(Beginning of DATA)

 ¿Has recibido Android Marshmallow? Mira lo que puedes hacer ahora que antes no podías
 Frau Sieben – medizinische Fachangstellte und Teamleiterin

(End of DATA)
(Beginning of DATA)

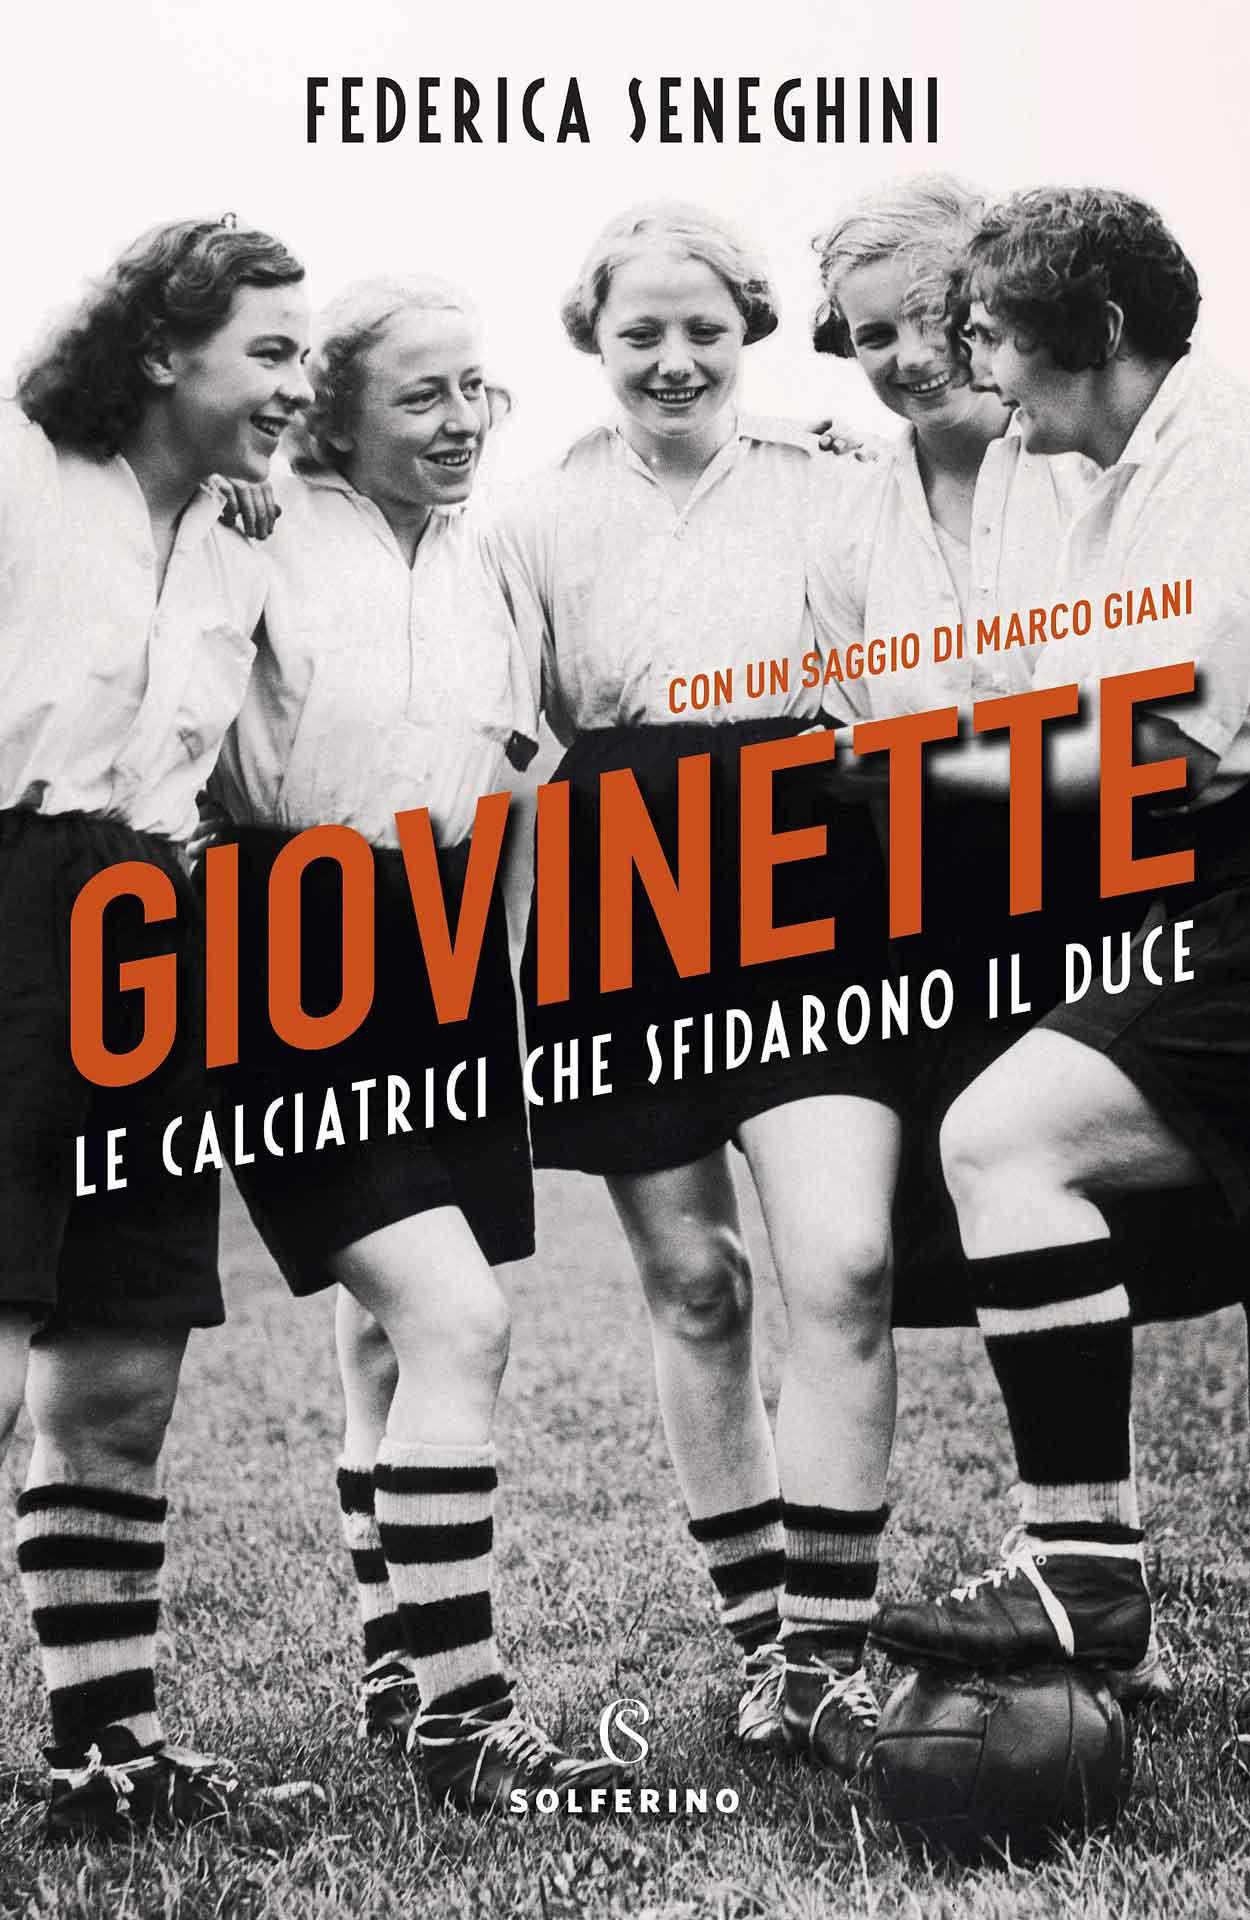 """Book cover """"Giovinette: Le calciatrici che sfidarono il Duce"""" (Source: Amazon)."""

(End of DATA)

_YOUR OBJECTIVE_
Find the line with "antes no podías" in the material above. Reproduce it and each line after it up to and including the line with "Frau Sieben –".

_RESPONSE AREA_
 ¿Has recibido Android Marshmallow? Mira lo que puedes hacer ahora que antes no podías
 Frau Sieben – medizinische Fachangstellte und Teamleiterin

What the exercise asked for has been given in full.